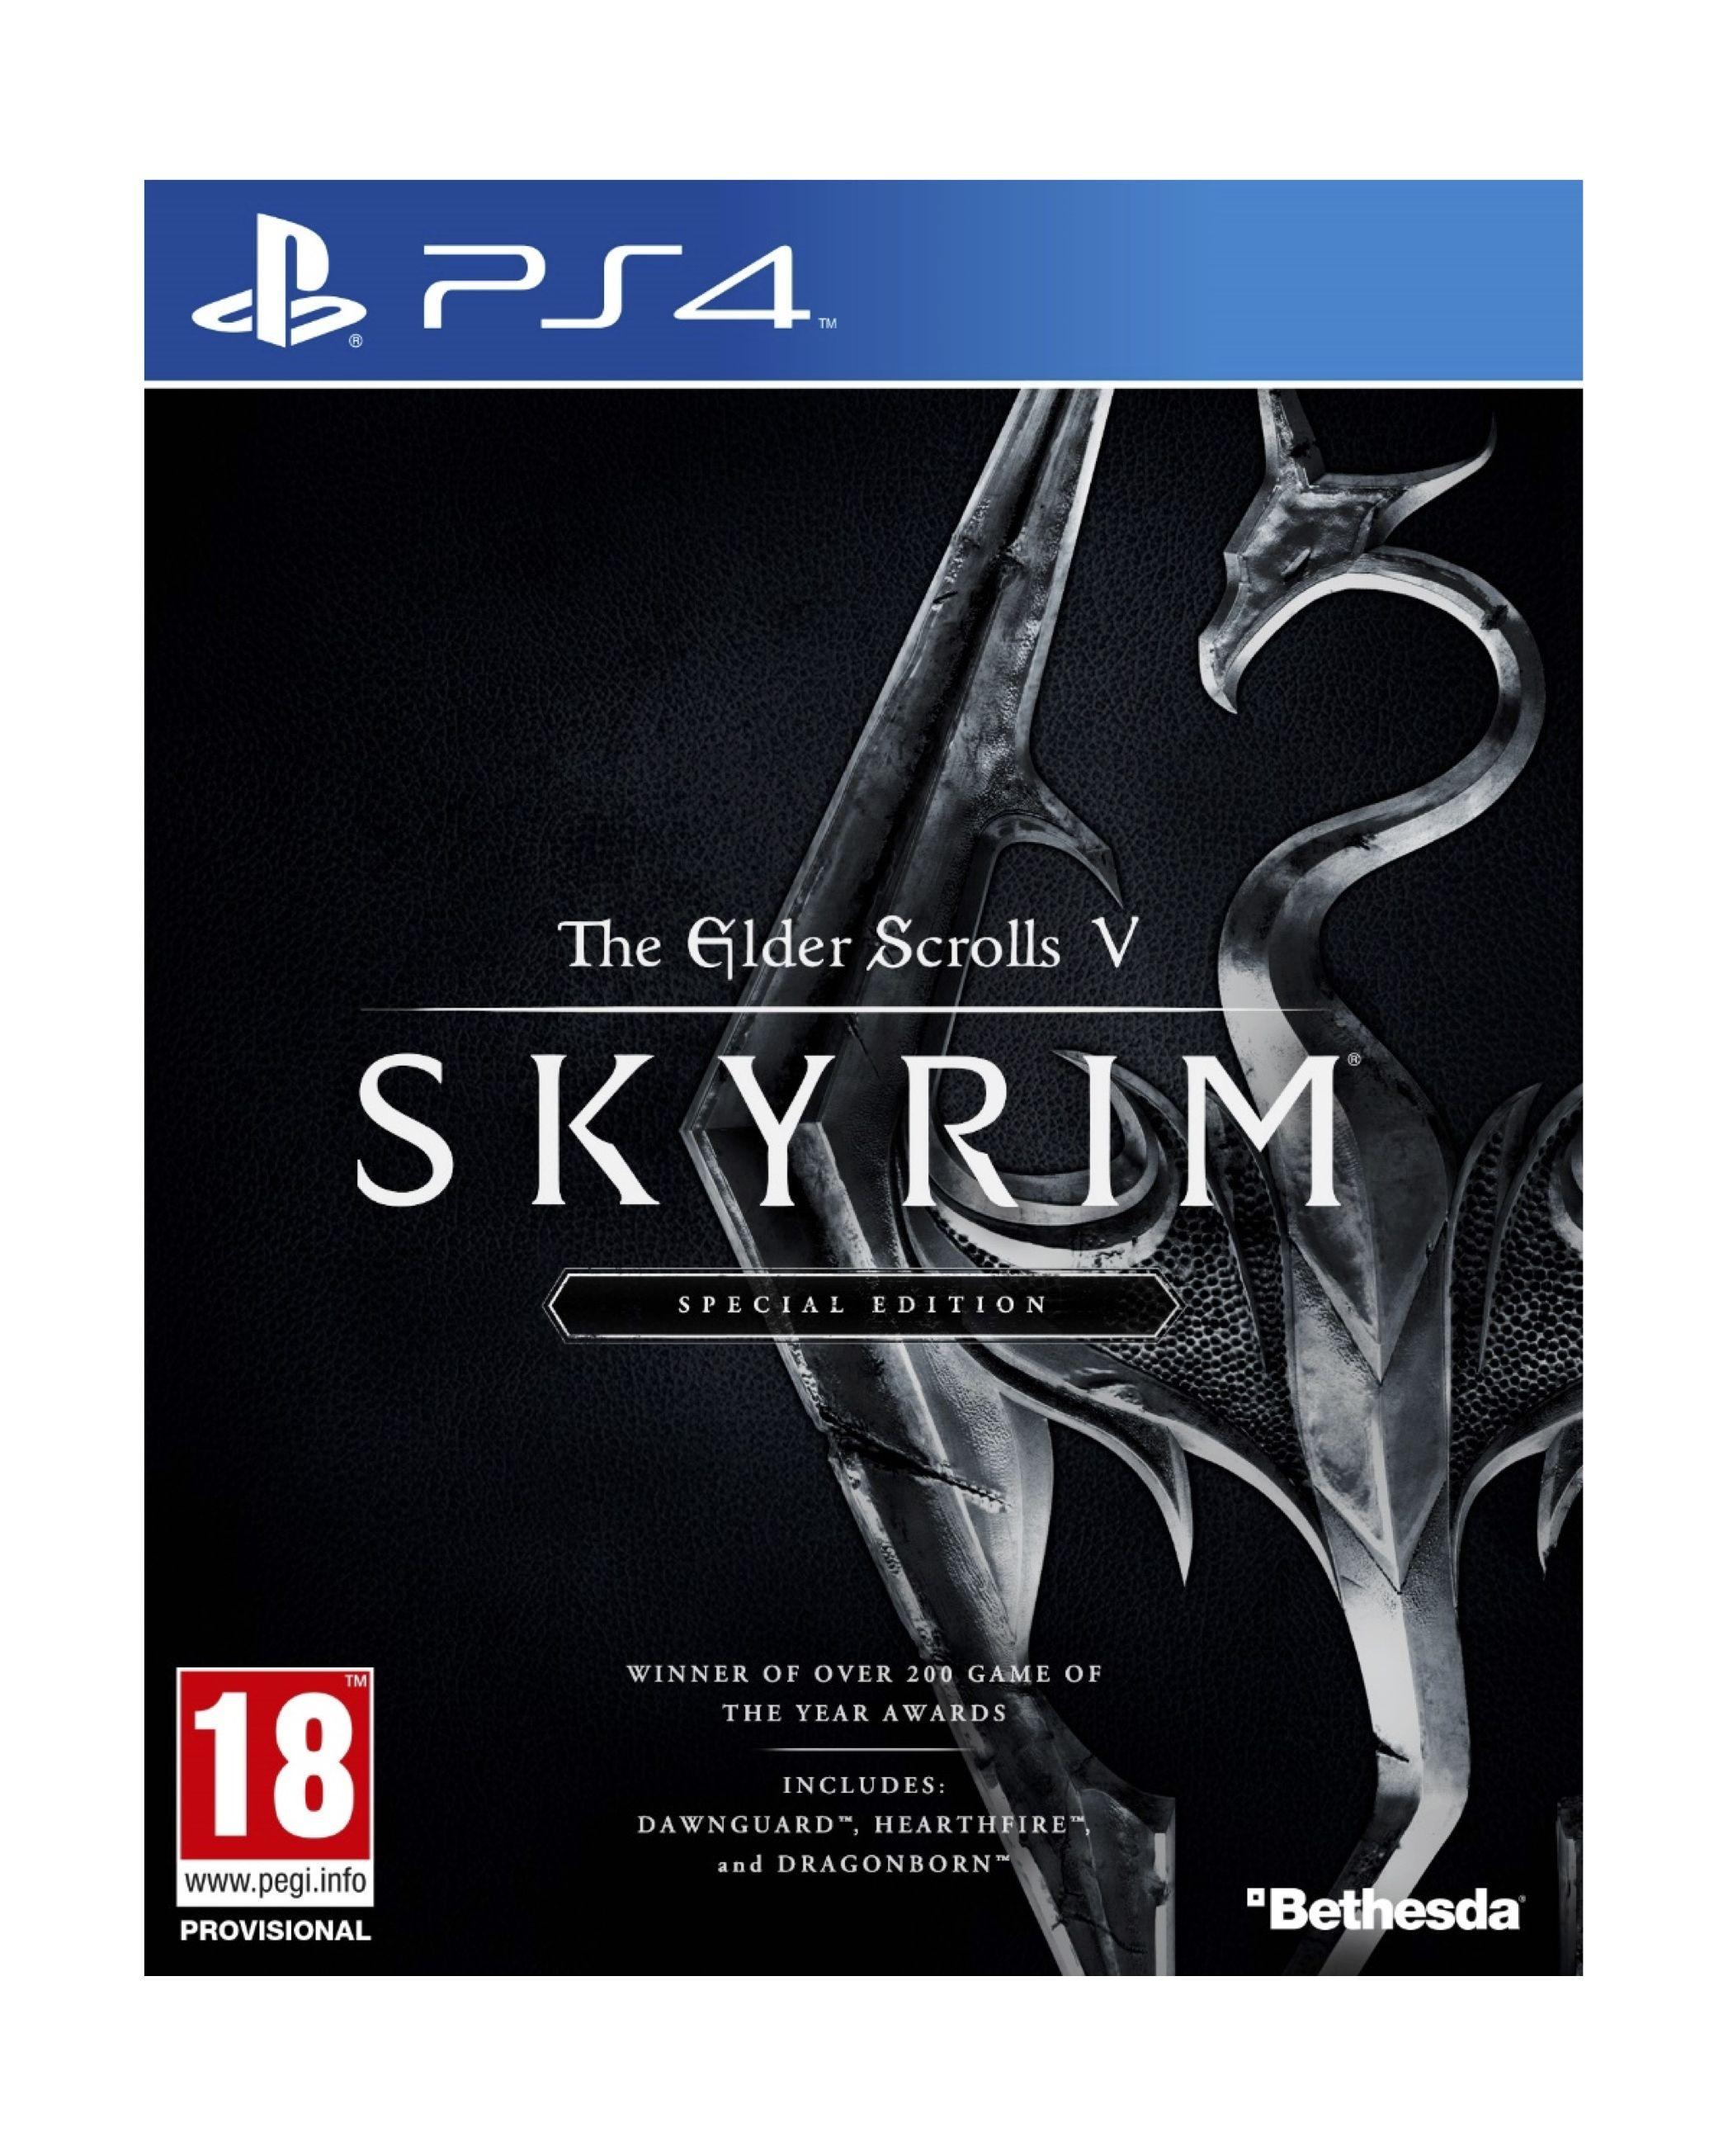 the elder scrolls v skyrim special edition ps4 game xcite alghanim electronics best. Black Bedroom Furniture Sets. Home Design Ideas
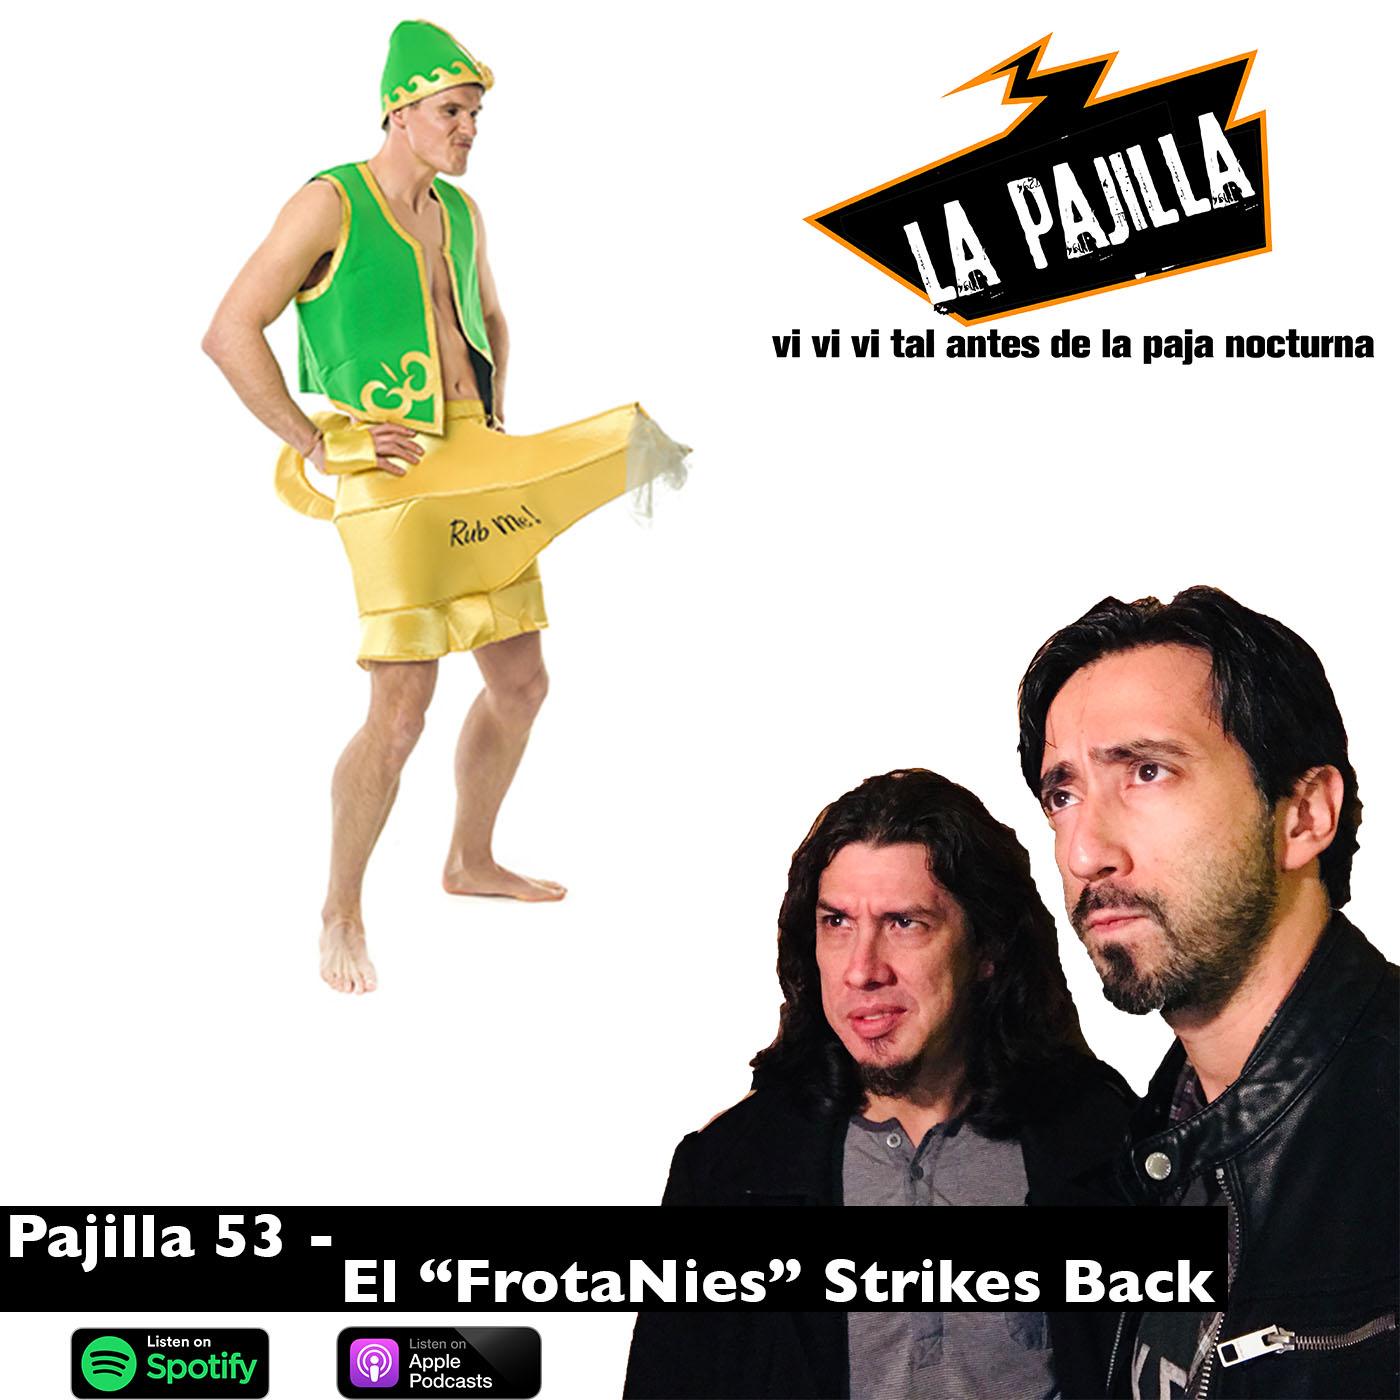 La Paja Nocturna Podcast CR Pajilla 53
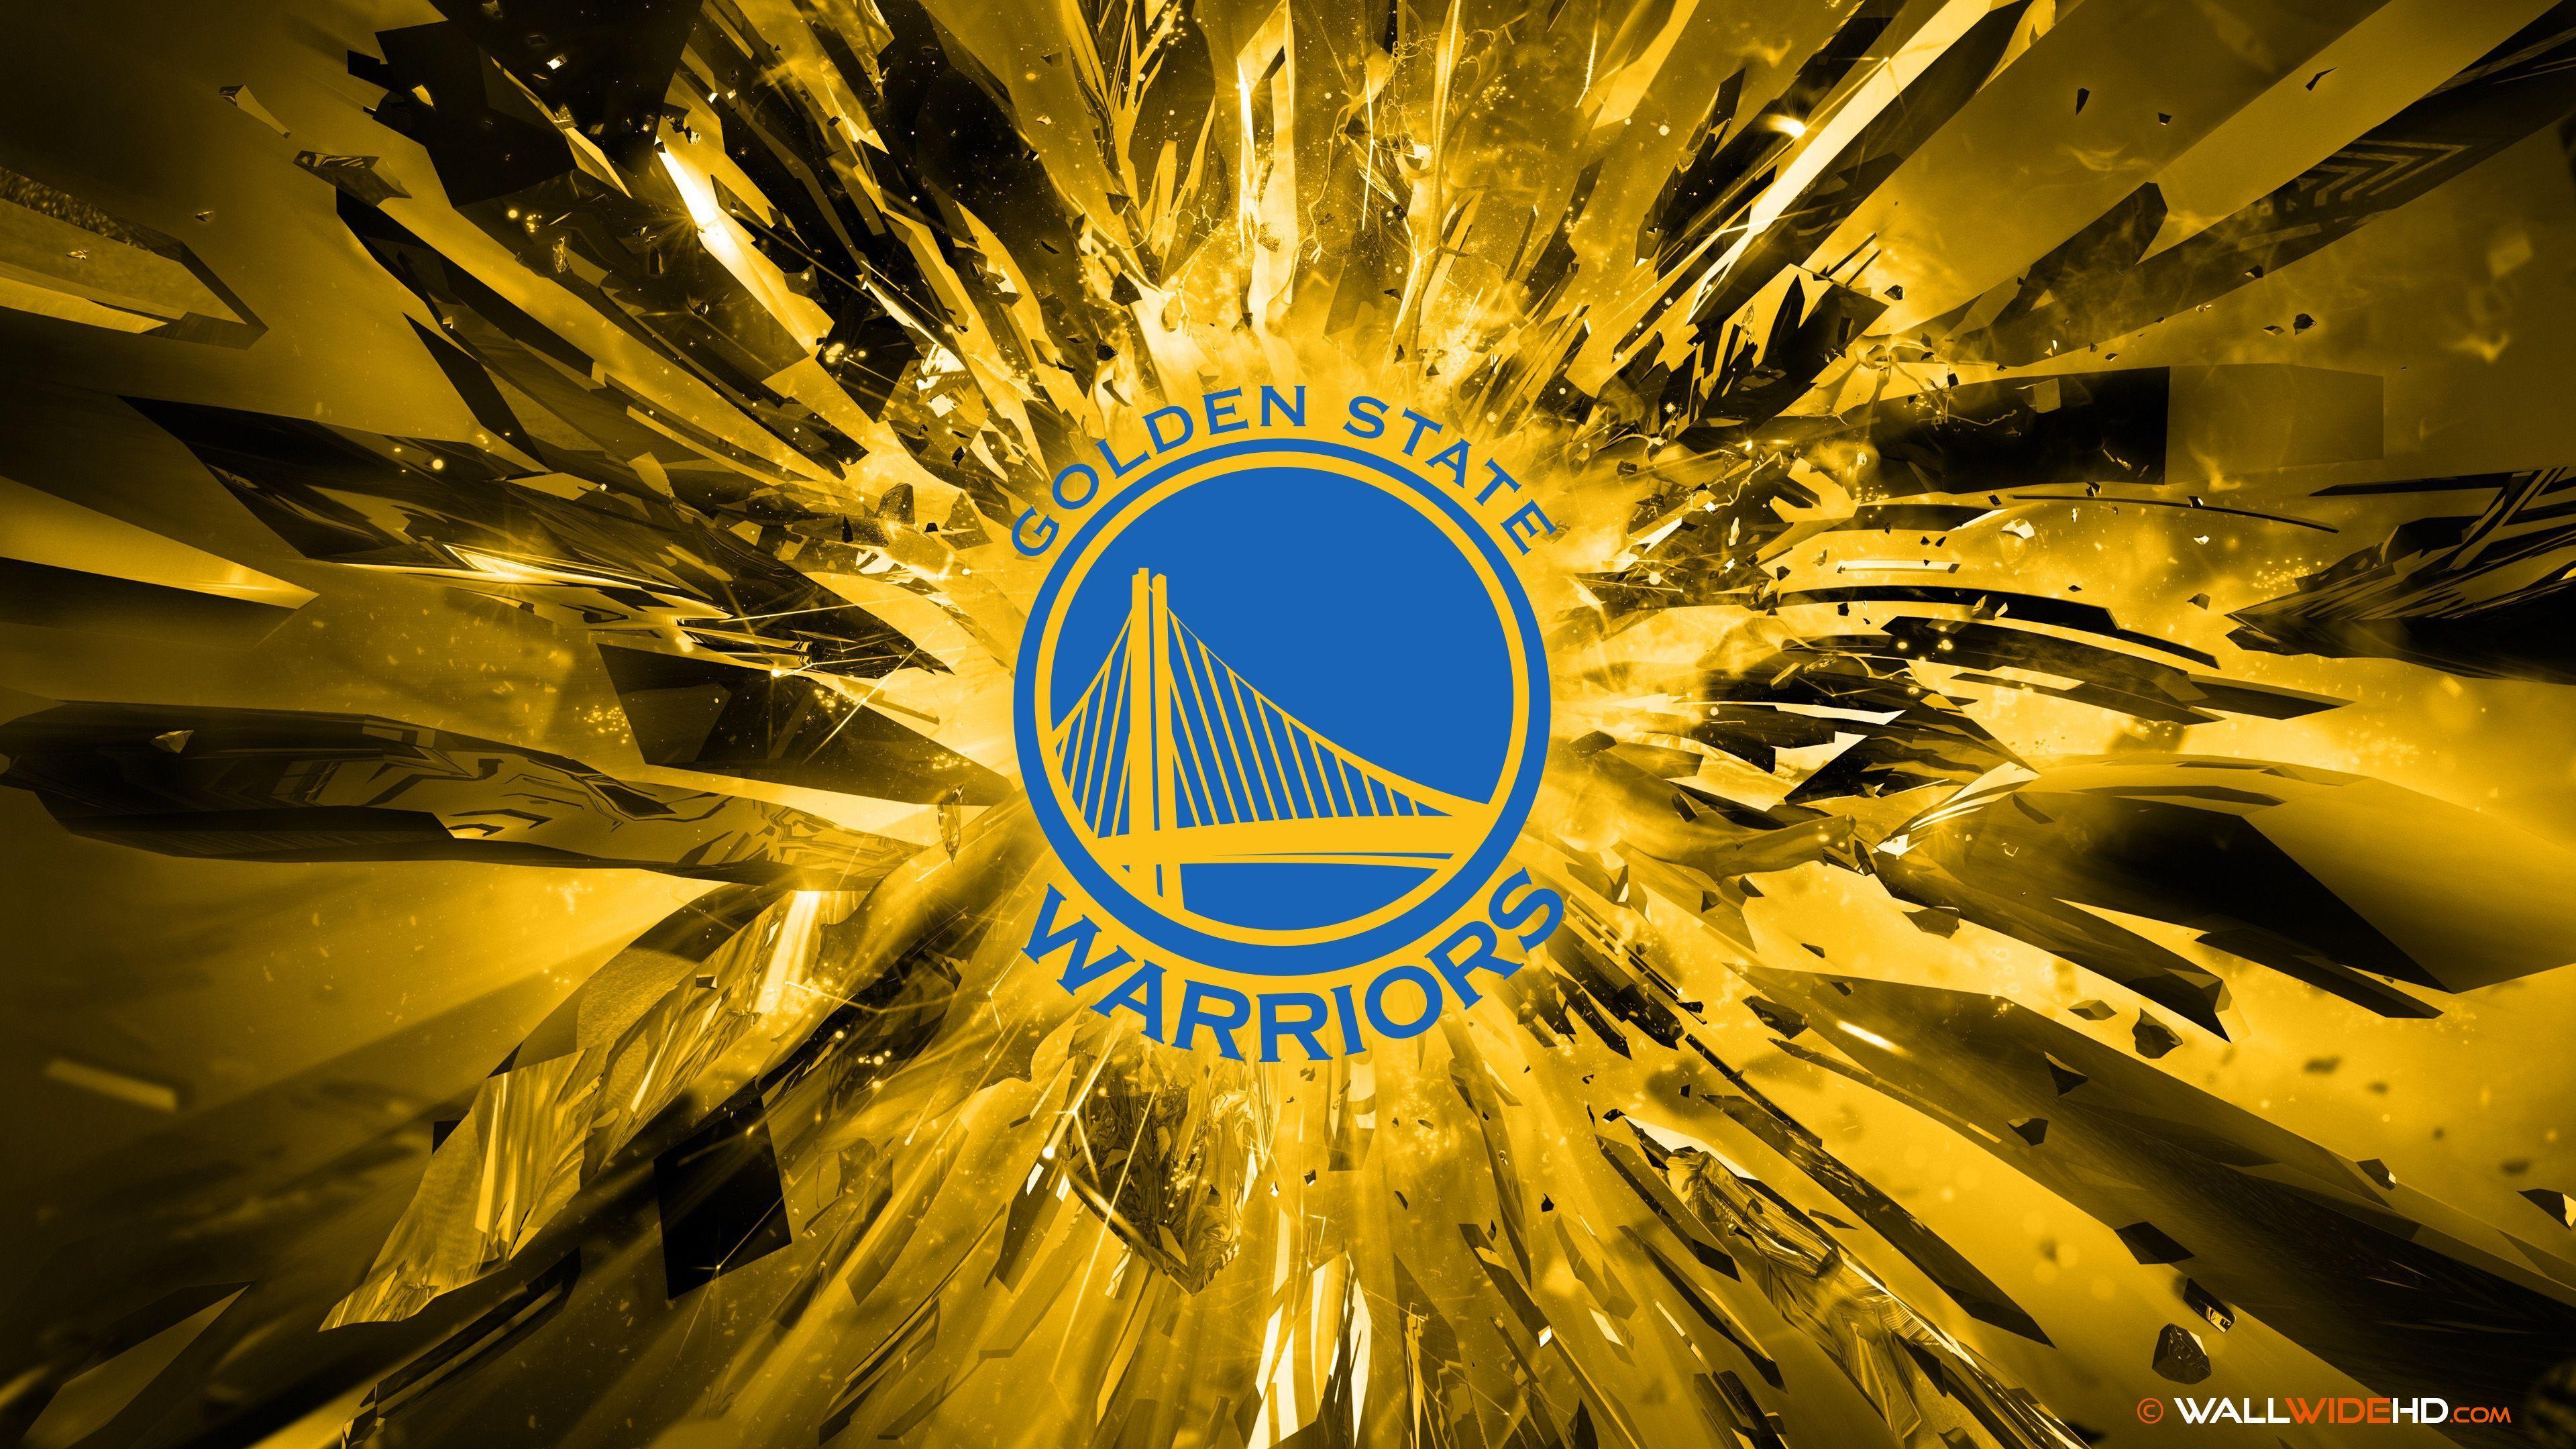 Cool Golden State Warriors , HD Wallpaper & Backgrounds

━━━━

**Task prompt**:
Output every line above exactly as it stands, and drop any picture.

**Problem solution**:
 the elder scrolls v skyrim special edition ps4 game xcite alghanim electronics best. Black Bedroom Furniture Sets. Home Design Ideas
 La Paja Nocturna Podcast CR Pajilla 53
 Cool Golden State Warriors , HD Wallpaper & Backgrounds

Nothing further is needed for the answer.